Submitted on August 10, 2004
Accepted on October 1, 2004

Geochemical Precursors to Volcanic Activity at Mount St. Helens USA

Kim Berlo 1*, Jon Blundy 1, Simon Turner 2, Kathy Cashman 3, Chris Hawkesworth 1, Stuart Black 4

1 Department of Earth Sciences, University of Bristol, Wills Memorial Building, Queens Rd, Bristol BS8 1RJ, United Kingdom.
2 Department of Earth Sciences, University of Bristol, Wills Memorial Building, Queens Rd, Bristol BS8 1RJ, United Kingdom; GEMOC, Department of Earth and Planetary Sciences, Macquarie University, Sydney, NSW 2109, Australia.
3 Department of Geological Sciences, 1272 University of Oregon, Eugene, OR 97403-1272, USA.
4 Department of Archaeology, School of Human and Environmental Sciences, University of Reading, Whiteknights, PO Box 227, Reading RG6 6AB, United Kingdom.

* To whom correspondence should be addressed.
Kim Berlo , E-mail: Kim.Berlo{at}bristol.ac.uk

The importance of the interplay between degassing and crystallization preceding and following the eruption of Mount St.
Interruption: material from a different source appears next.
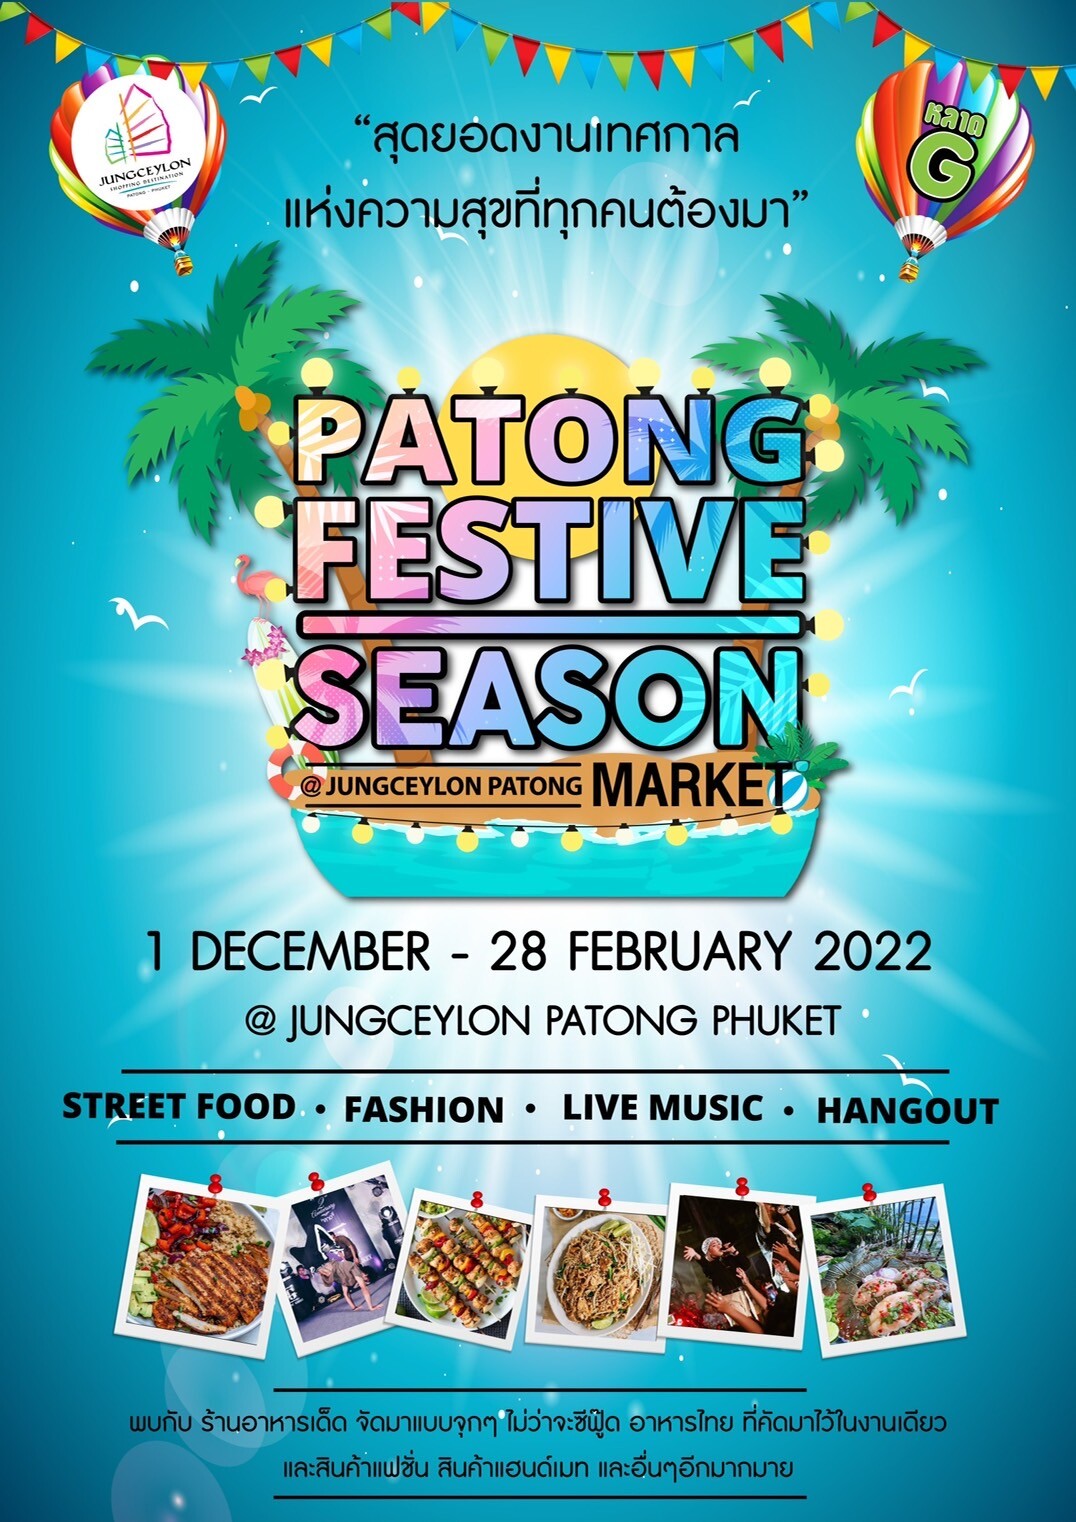 "จังซีลอน" ชวนร่วมงานเทศกาลแห่งความสุข "Patong Festive Season @Jungceylon Patong Market"

Helens (Washington, USA) in 1980 is well established. Here, we show that degassing occurred over a period of decades to days before eruptions and that the manner of degassing, as deduced from geochemical signatures within the magma, was characteristic of the eruptive style. Trace elements (Li) and short-lived radioactive isotope (210Pb, 226Ra) data show that ascending magma stalled within the conduit leading to accumulation of volatiles and the formation of 210Pb excesses, signaling the presence of degassing magma at depth.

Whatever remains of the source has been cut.